The proposed system supports voice conversations by singling out relevant details extracted from the content of the conversation, in a way that:
- is automated, so that no user intervention is required;
- is non-disruptive, as a consequence of its automation, not requiring the parties in the conversation to interrupt the conversation flow; and
- allows relevant information to be visible during the call, without having to wait for the call to end.
The details from the conversation presented to the parties allow them to directly see specific details which should be remembered, such as numbers or addresses, avoiding possible noting errors which may happen when one party takes manual notes. In addition, they are useful when any of the parties is not able to take manual notes of relevant details, for instance because the person is on the move, driving or has no noting material at hand.
The proposed system effectively constitutes an auxiliary sub-channel attached to the voice conversation, where relevant details get added and are available both during the call and after it.
In addition, the automated detection of relevant details turns those details into actionable items (such as a place name or a date which can easily be added as an appointment in a calendar application). The accuracy of voice-to-text systems, such as those utilised in the system described hereinbefore, may be improved if they are provided with known keywords which may be expected to be found in the voice media. The accuracy of transcription for those keywords may be particularly improved, and the general accuracy may also be increased. The accuracy of the systems described hereinbefore may therefore be improved by the supply of keyword lists to the detail extraction module.
Figure 6 shows a schematic block diagram of a system for supplying keywords to a detail extraction module to assist in the transcription of voice signals to text. Extraction module 600 is in communication with a number of data sources 601 - 605 from which keywords may be extracted. Extraction module 600 is also in communication with a keyword store 606.

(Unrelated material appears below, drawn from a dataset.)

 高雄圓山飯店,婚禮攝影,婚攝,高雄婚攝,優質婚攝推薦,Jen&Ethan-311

Keyword store 606 stores keywords that may be relevant to particular users. In an embodiment a database of users and keywords may be maintained at keyword store 606. Keyword store 606 is maintained by a keyword process 607 at extraction engine 606. Keyword process 607 is shown within the extraction engine 606, but the process may also be implemented as a separate system with communication to the keyword store 606 and the extraction engine 600 as required. In certain implementations the keyword process 607 is in communication with data sources 601 - 605 rather than the extraction engine 600 being in communication with them.
Keyword process 607 utilises data sources 601 - 605 to maintain a list of keywords in keyword store 606 relevant to subscribers to the service. Those keywords are extracted from the various data sources 601 - 605 according to the following principles.

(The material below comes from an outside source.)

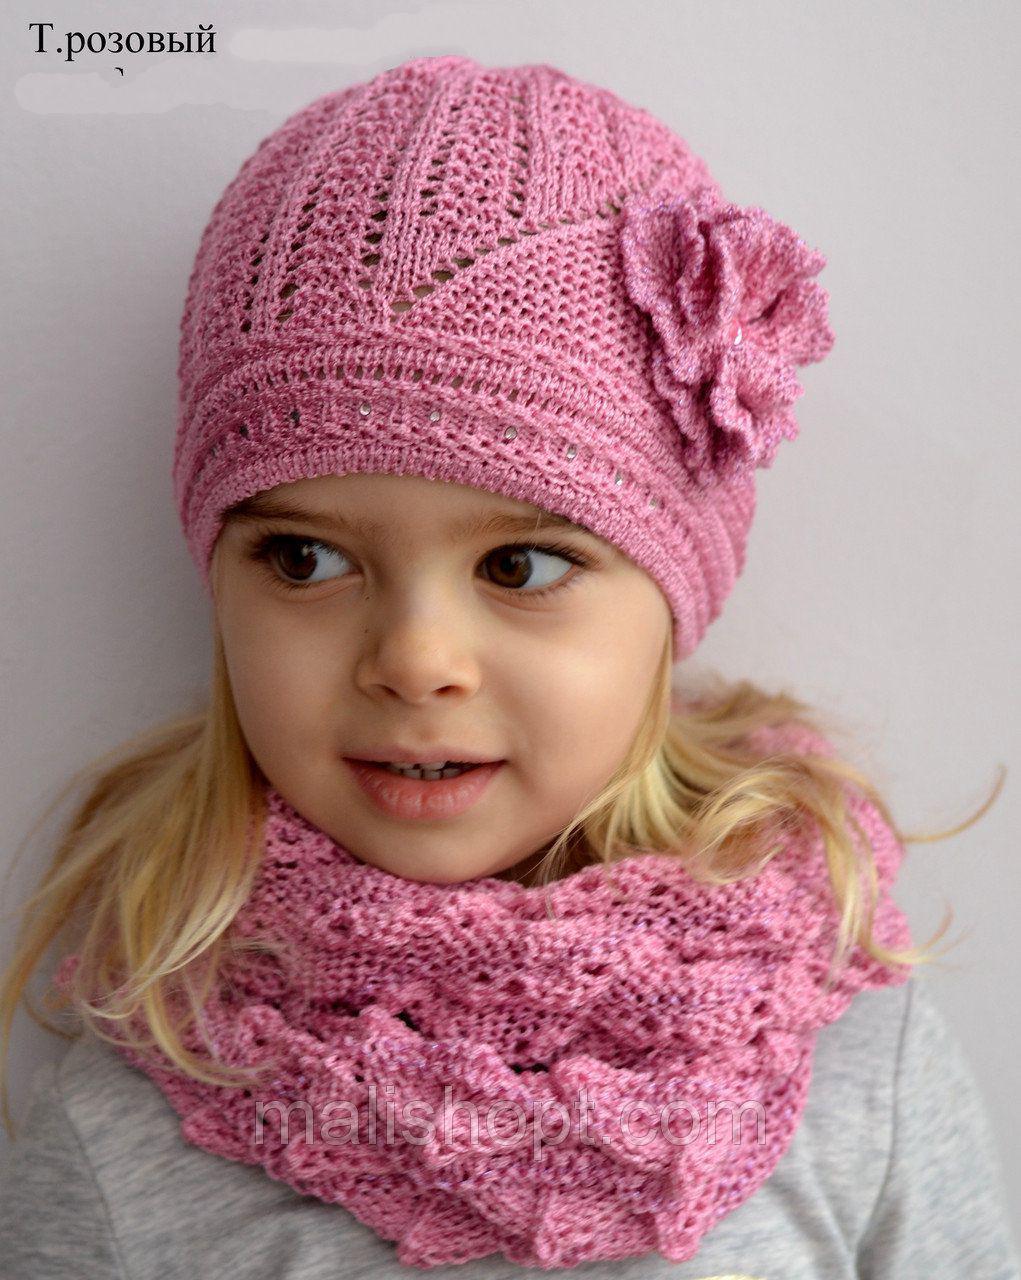 Тонкая детская шапочка для девочек от 2 до 7 лет молочного цвета

Keywords may be extracted, for example, automatically at intervals, when there is an indication the data sources have changed, or when the extraction module 600 is utilised for a call. The keyword store 606 may be updated by the addition of new words identified by keyword process 607. Keyword process may also maintain existing data for example by the removal of words after a defined interval or when conditions are met. For example, keywords may be removed from the keyword list when they no longer appear in any of the data sources 601 - 605.
Extraction module 600 is in communication with one or more social networks 601 .
During a configuration stage extraction engine 600 is provided with a subscriber's credentials to allow access to that subscriber's data within social networks 601.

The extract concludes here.